As Turkey heads toward the referendum for constitutional reform, which includes a governmental system change, on April 16, the latest survey conducted by the Ankara-based Objective Research Center (ORC) reveals that 57.2 percent of the participants are likely to vote "yes" to the amendment package, while the indecisive voters are systematically distributed. The survey conducted in March indicated that the vast majority of the Turkish nation is in favor of the constitutional, reform, whereas 42 percent of the participants, including indecisive voters, are expected to say "no" to the changes.
According the ORC survey, 51.6 percent of the participants are expected to vote "yes" to the changes, while 38.7 percent are likely to vote "no," excluding indecisive voters. In addition, the decisive voters are 9.7 percent, according to the survey.
In light of the survey, those who support "no" are not well informed about the context of the constitutional amendment package, which is 54 percent of "no" voters.

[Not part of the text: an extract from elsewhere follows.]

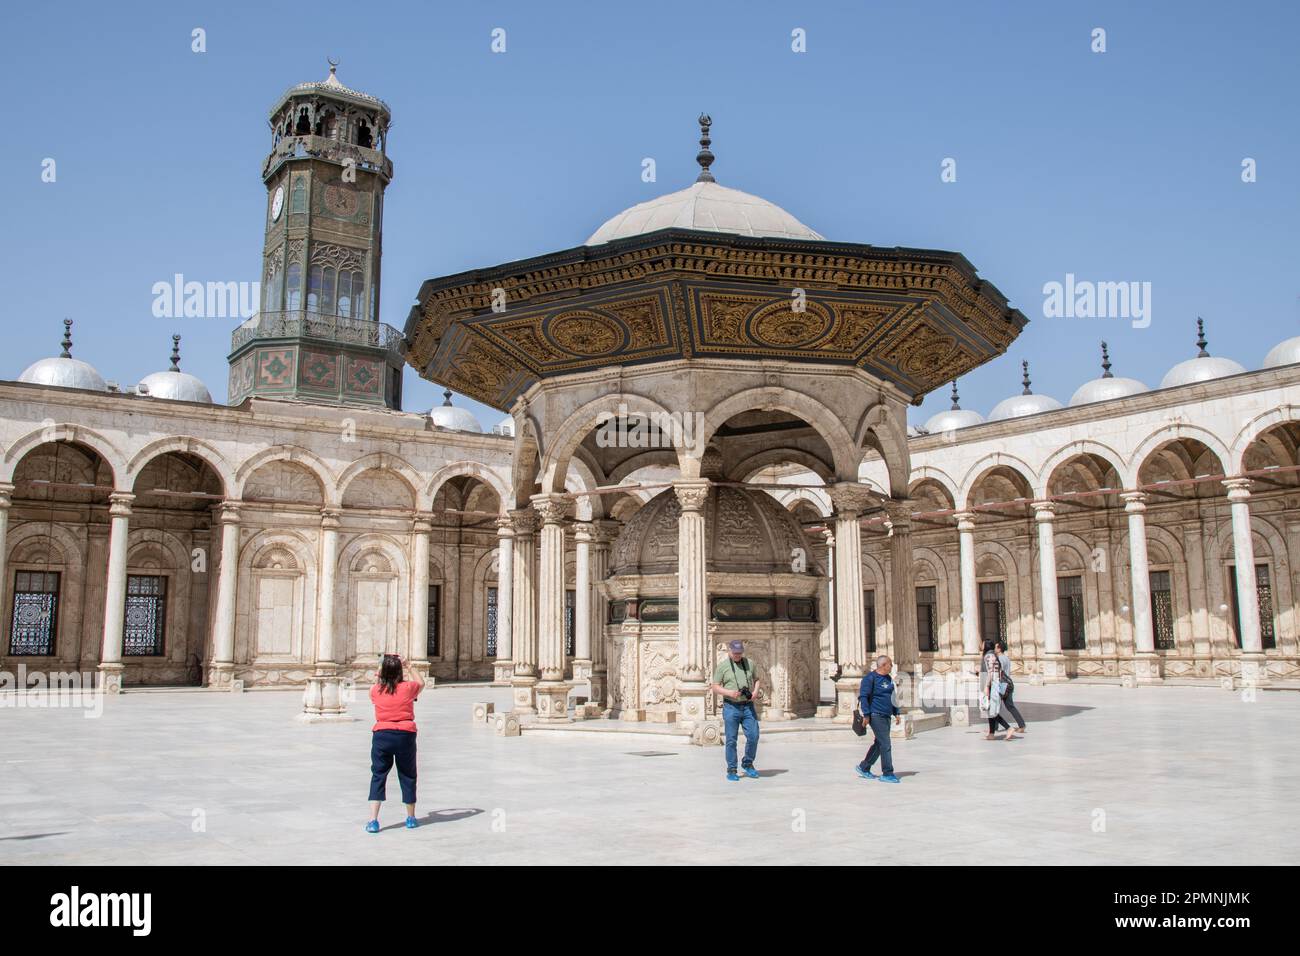 La fontana dell'abluzione nel cortile della Moschea di Muhammad Ali alla Cittadella del Cairo / Cittadella Saladino al Cairo, Egitto Foto Stock

Additionally, when participants were asked if they would support the reintroduction of the death penalty for coup attempts, terrorism and rape, more than 77 percent of respondents were in favor. More than 95 percent of Justice and Development Party (AK Party) and Nationalist Movement Party (MHP) supporters think that the necessary changes should be carried out by the government for the death penalty for specific crimes. On the other hand, 60 percent of Republican People's Party (CHP) voters support the death penalty, while pro-PKK Peoples' Democratic Party voters are opposed to the idea of the death penalty with 90 percent giving "no" votes.